*** THE DATA Section Begins ***

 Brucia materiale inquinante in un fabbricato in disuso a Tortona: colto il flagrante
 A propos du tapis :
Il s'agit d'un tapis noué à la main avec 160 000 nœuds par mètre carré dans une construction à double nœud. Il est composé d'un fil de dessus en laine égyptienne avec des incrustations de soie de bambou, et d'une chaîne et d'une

*** THE DATA Section Ends ***
*** THE DATA Section Begins ***

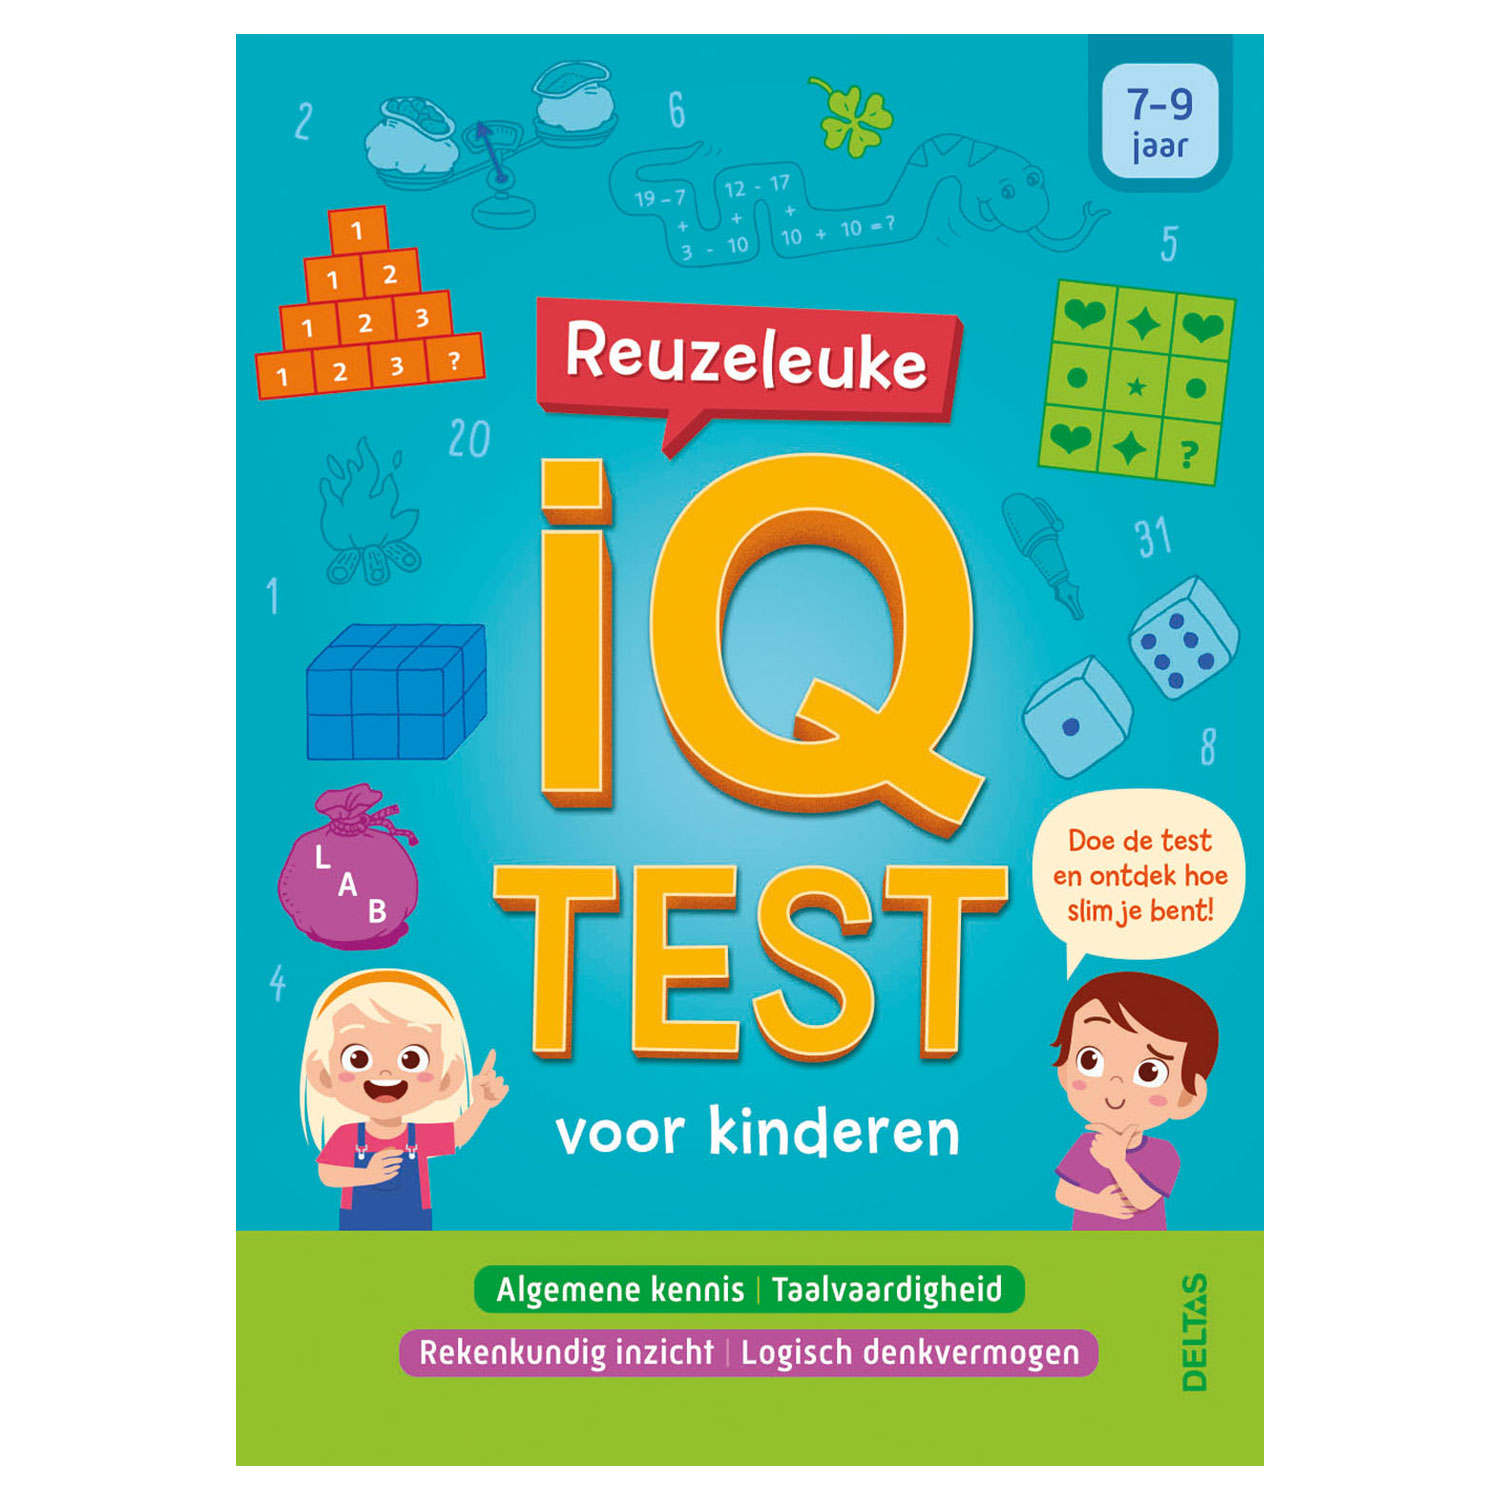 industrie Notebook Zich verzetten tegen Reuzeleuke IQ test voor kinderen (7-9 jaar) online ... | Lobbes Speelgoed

*** THE DATA Section Ends ***
*** THE DATA Section Begins ***

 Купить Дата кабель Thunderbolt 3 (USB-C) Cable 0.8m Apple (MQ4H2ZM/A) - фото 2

*** THE DATA Section Ends ***

State how many lines in the records above contain the word "tapis", giving only the number.

__ANSWER FOR THE TASK__. 2